A traditional model for images is the augmented cartoon: piece-wise smooth + contours + geometrical textures + "noise (unmodelled)".

Smooth background, contour and texture

The mother wavelets (gradient-like operators) can capture isolated singularities at different scale with a few coefficients (and if they oscillate, a bit of textures as well). If the singularities are mixed with a polynomial trend, a standard gradient may also produce coefficients. With a sufficient number of vanishing moments, wavelets somehow "pre-separate" polynomials and singularities, and the polynomial part is cast, subsampled, to a small set of approximmation coefficients.

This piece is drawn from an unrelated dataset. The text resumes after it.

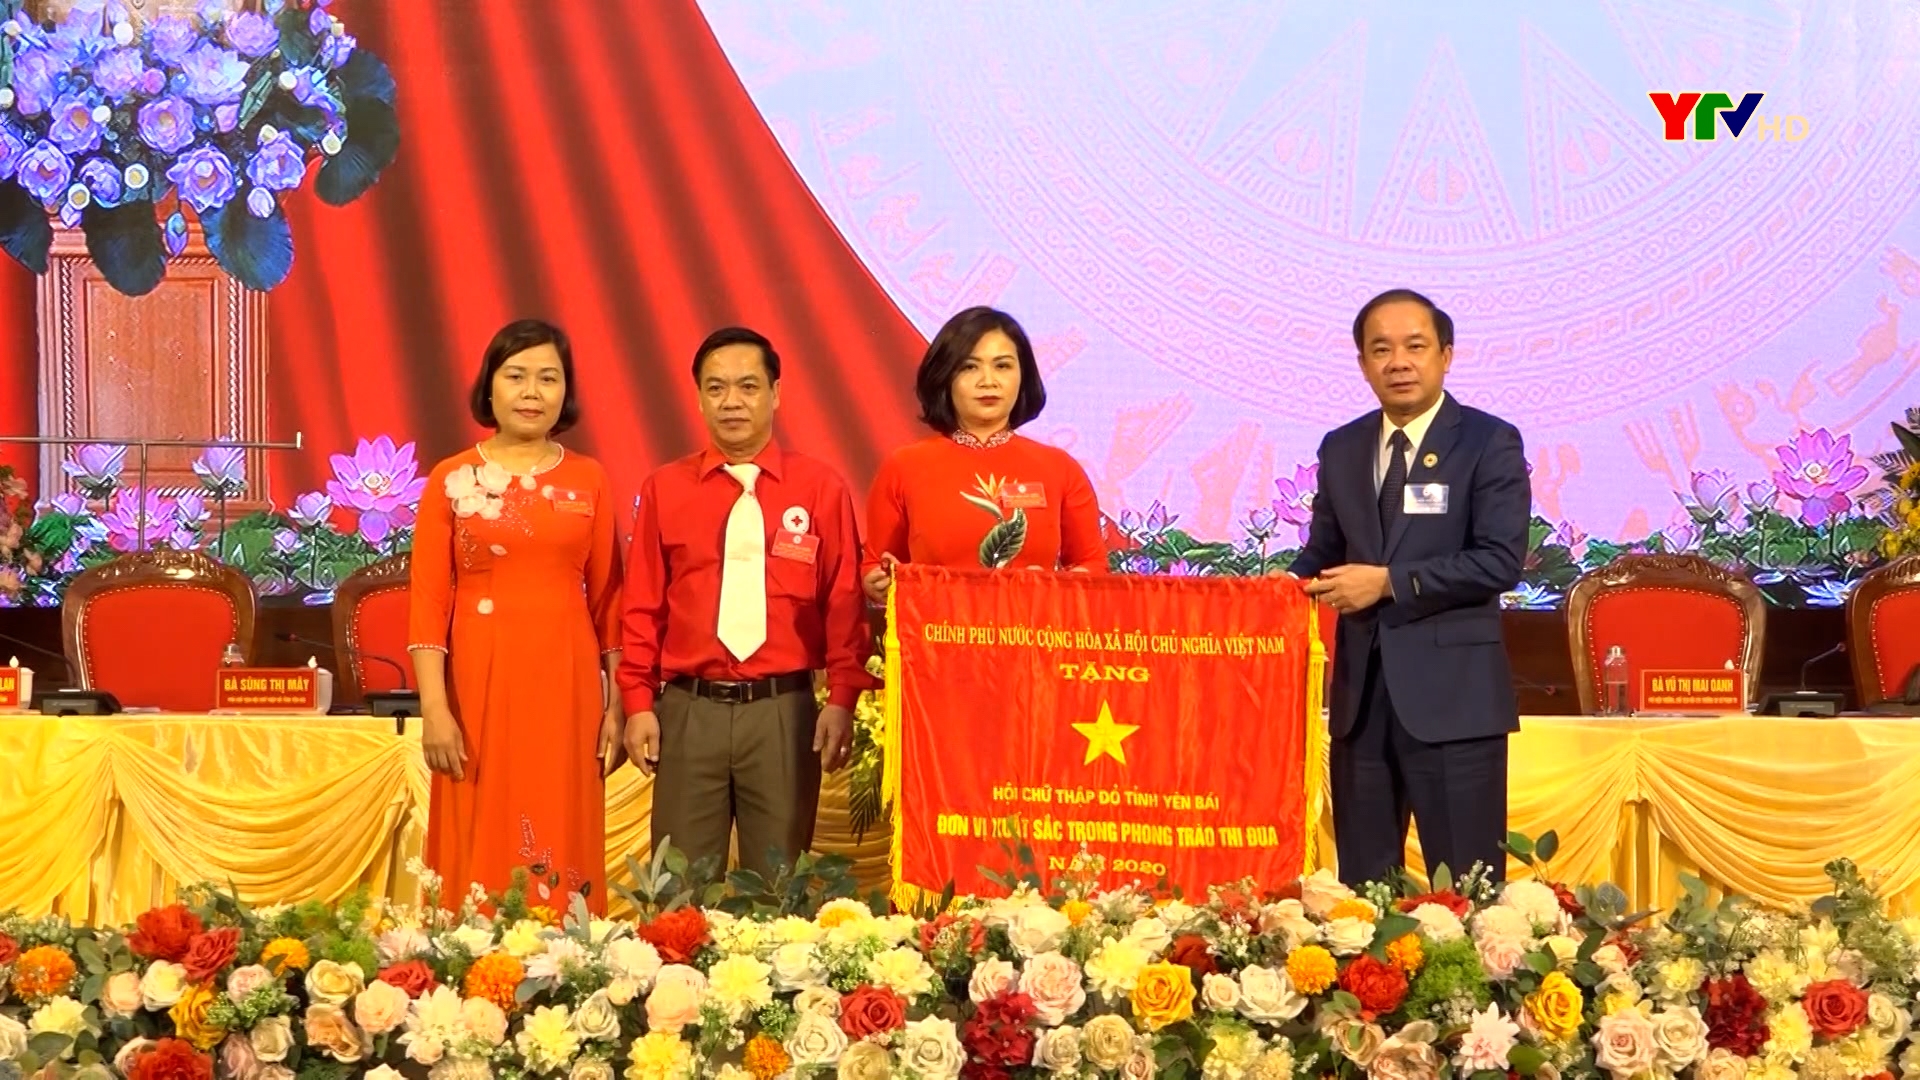 Đại hội đại biểu Hội Chữ thập đỏ tỉnh Yên Bái lần thứ VII thành công tốt đẹp

All in all, you can get few coefficients for singularities, and few coefficients for polynomials between singularities (a long polynomial can be encoded into a few polynomial factors). But still you preserve all the information, especially about the gradients you want to keep.

Wavelets are, under some theoretical conditions, quite optimal for such 1D signals. In practice on 2D data, other aspects come into play and counterbalance the need for vanishing moments: the nature of singularities in images, their finite size, the other wavelet properties, etc.

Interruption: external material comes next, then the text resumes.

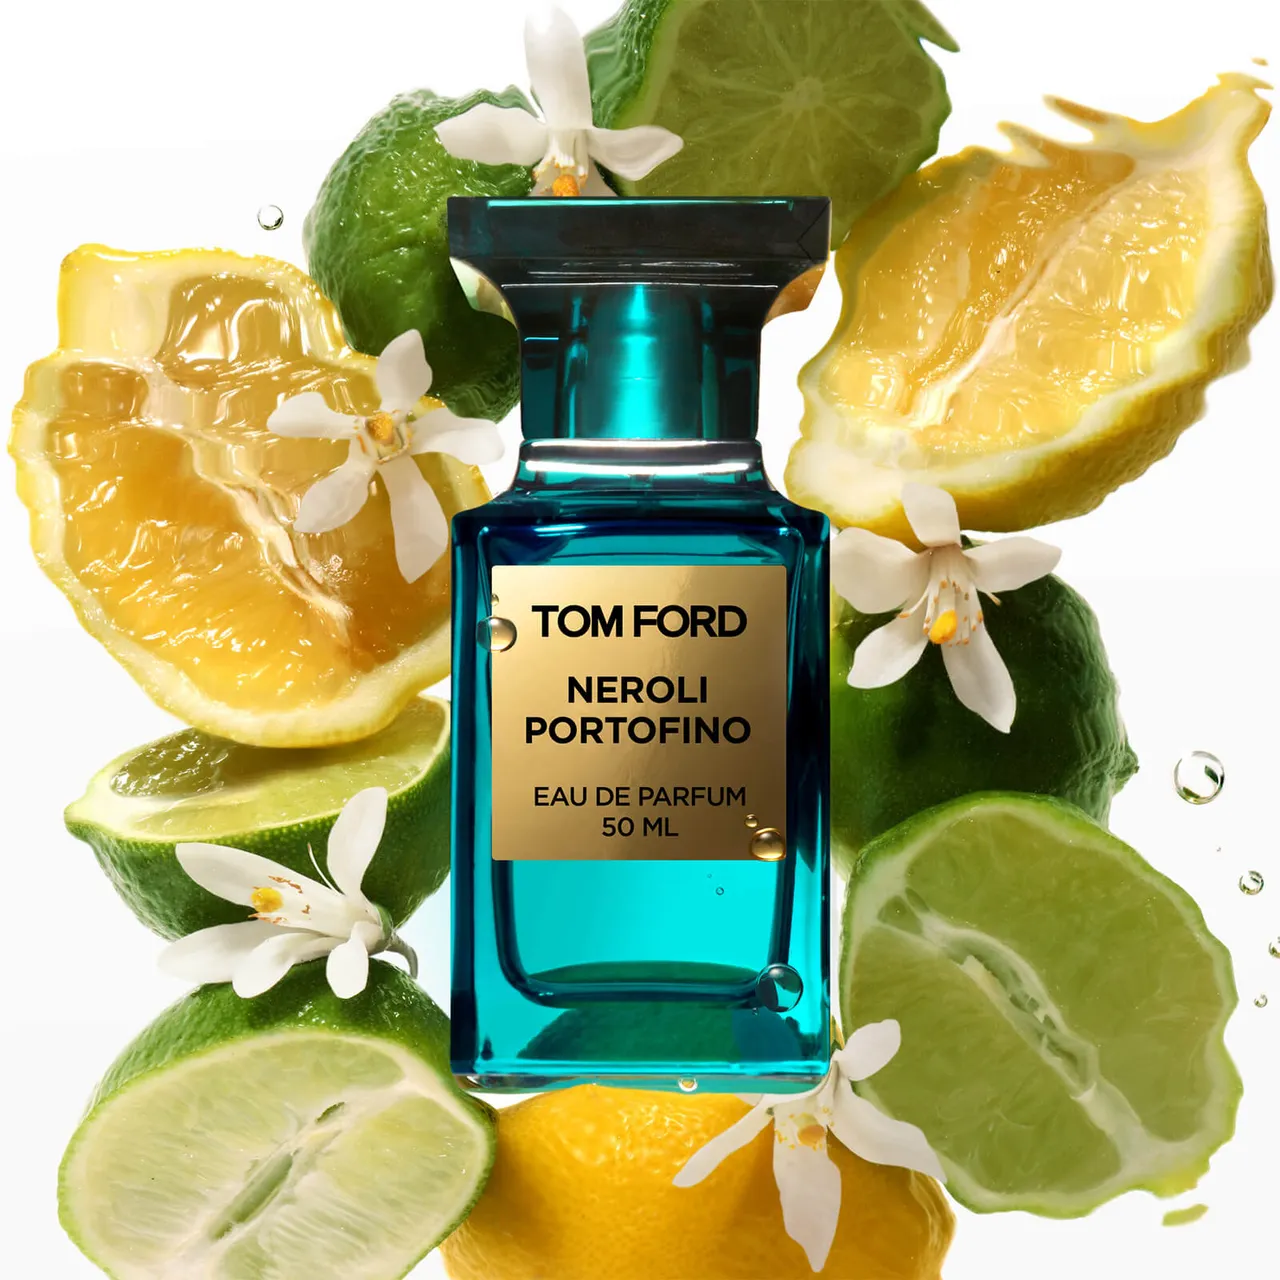 Tom Ford Neroli Portofino Eau de Parfum Spray - 50ml

Resultingly, 1D wavelets work ok for not-too-complex images, but become limited with complicated data, complicated processing, or high noise conditions.

My experience is that, unless you have specific needs, 2-4 moments suffice in most of the cases, meaning that if finally you use a wavelet with more moments, it will be a by-product of other wavelet properties, and not a strong requirement. There are many options in finding the optimal multiscale geometric representation.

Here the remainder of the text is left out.